Sofia Kovalevskaya

Leigh Ellison

Cauchy-Kovalevskaya Theorem

Whilst working under the supervision of Weierstrass, Sofia was to write three papers which he felt were of the necessary standard for a doctoral degree. The first and most highly acclaimed of these dealt with the theory of partial differential equations. Weierstrass had previously worked on theorems involving ordinary differential equations and wished to extend some of them to partial differential equations. It has been said by Cooke that,

Apparently he thought that a general theorem could be proved to the effect that a power series obtained formally from a partial differential equation in which only analytic functions occur would necessarily converge.

It was this conjecture that Sofia was supposed to try to prove. Her work included the formulation of what is commonly known as the Cauchy-Kovalevskaya Theorem, and it was said by Henri Poincaré that her work, significantly simplified Cauchy's method of proof, and gave the theorem its final form.

It was in 1872 that Cauchy presented the first general existence theorem in partial differential equations which showed that ordinary differential equations and some partial differential equations have analytic solutions. If we look at an analytic function in a neighbourhood of the point (t, u) which is subject to

$f(t,u) = \large \frac {du}{dt}$

with the initial conditions u = u₀ and t = t₀ , then there exists a unique solution. Cauchy looked at partial differential equations such as

${ \large \frac {\partial \mu }{ \partial t}}\normalsize = F_{i}(t, x_{1} , ... , x_{n}: u_{1} , ... , u_{n}: \large \frac {\partial u_{1}}{\partial x_{1}} , ... , \frac {\partial u_{m}}{\partial x_{m}}\normalsize)$

with the initial conditions u₁(0, x₁ , ... , x_n) = w_i(x₁ , ... , x_n) for i = 1, ... , m when t = 0, and tried to find a solution which satisfied these conditions. This he did by finding a locally convergent power series solution having assumed that F_i and w_i were analytic. A simple analytic function then replaces F_i which has non-negative coefficients in the power series expansion that are greater than or equal to the absolute value of the corresponding coefficients for F_i.
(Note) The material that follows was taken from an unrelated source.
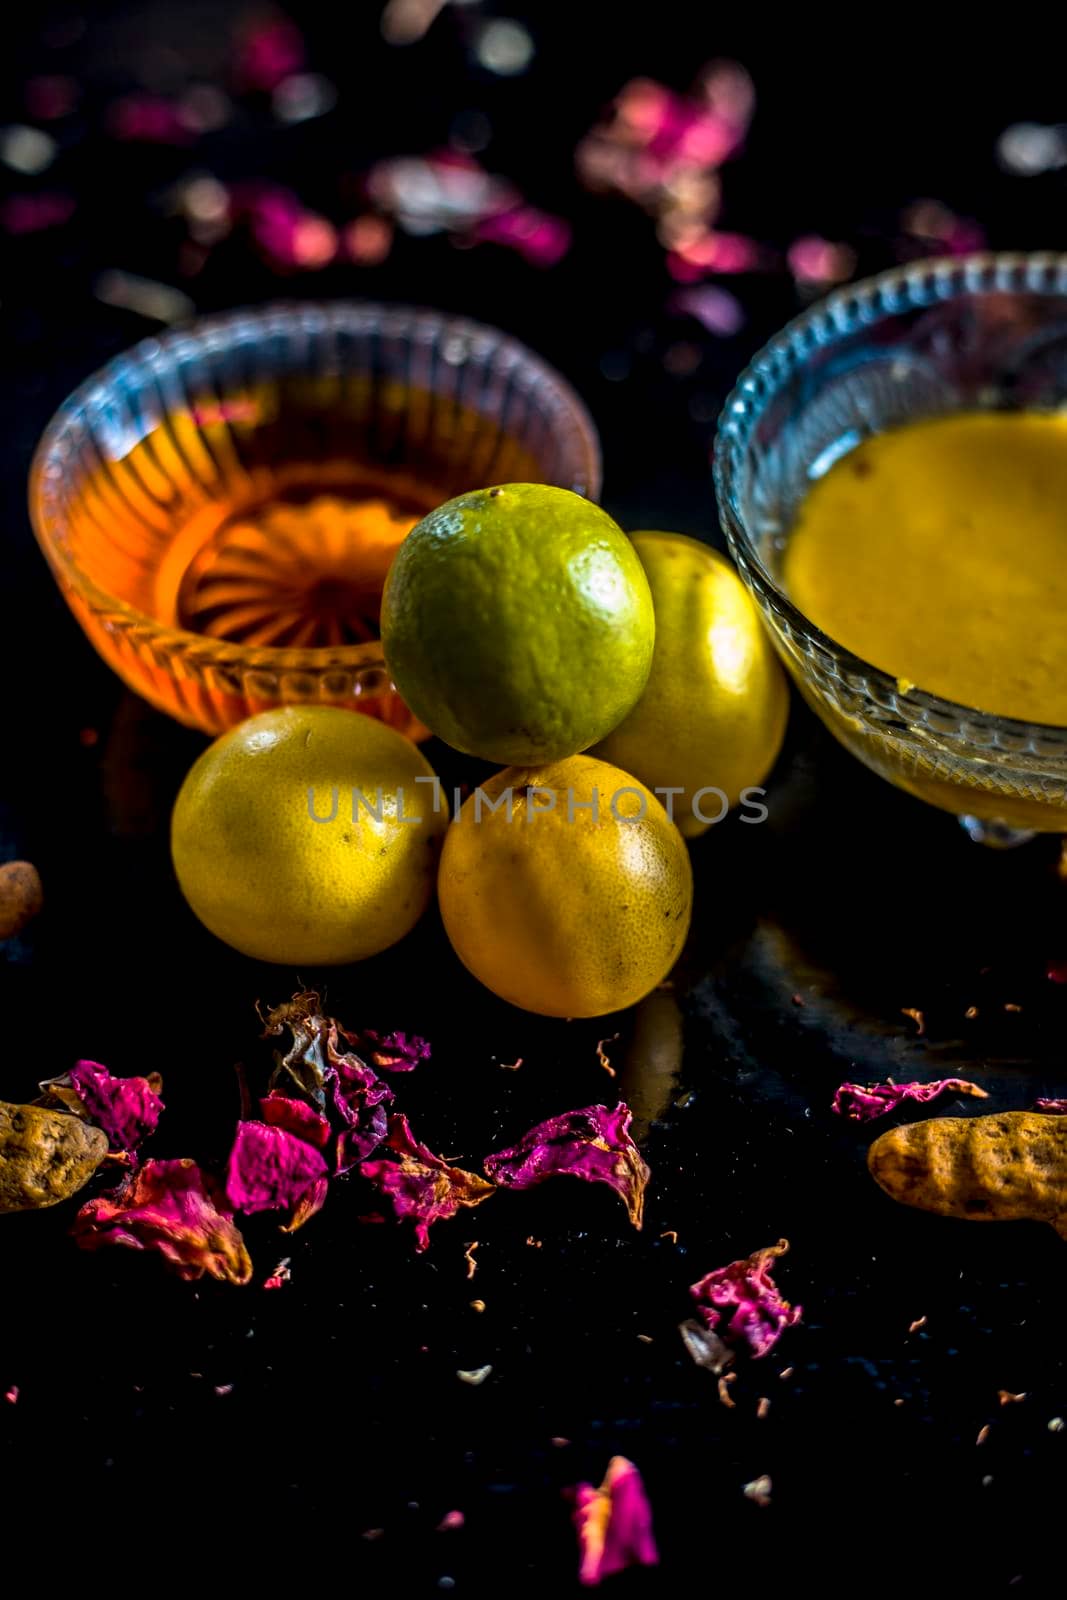 Face mask of lemon juice, honey, and curd along with some raw turmeric well mixed in a glass bowl along with entire raw ingredients on the wooden surface for acne-prone skin and blemishes. by mirzamlk

It was this result that Sofia was to generalise in her dissertation to systems of order r with time derivatives ∂^rμ/∂t^r. One of the more subtle forms of the Cauchy-Kovalevskaya Theorem tells us that an equation ∂u/∂t = f(t, x, u, ∂μ/∂x) where f is analytic for values near (t₀ , x₀ , u₀ , ∂μ/∂x) has exactly one solution u(x, t) which is analytic near (x₀ , t₀). In proving this theorem Sofia was unsurprisingly influenced by Cauchy's use of majorants in his work to obtain locally convergent power series solutions, and used majorants of the form

$M/{1 - [(t_{1} + t_{2} + ... + t_{r})/\rho]}$

where

\rho

and M are constraints.

This theorem is somewhat restricted by the fact that it is limited to analytic functions and may fail in certain regions, but nevertheless plays a very basic role in the study of differential equations.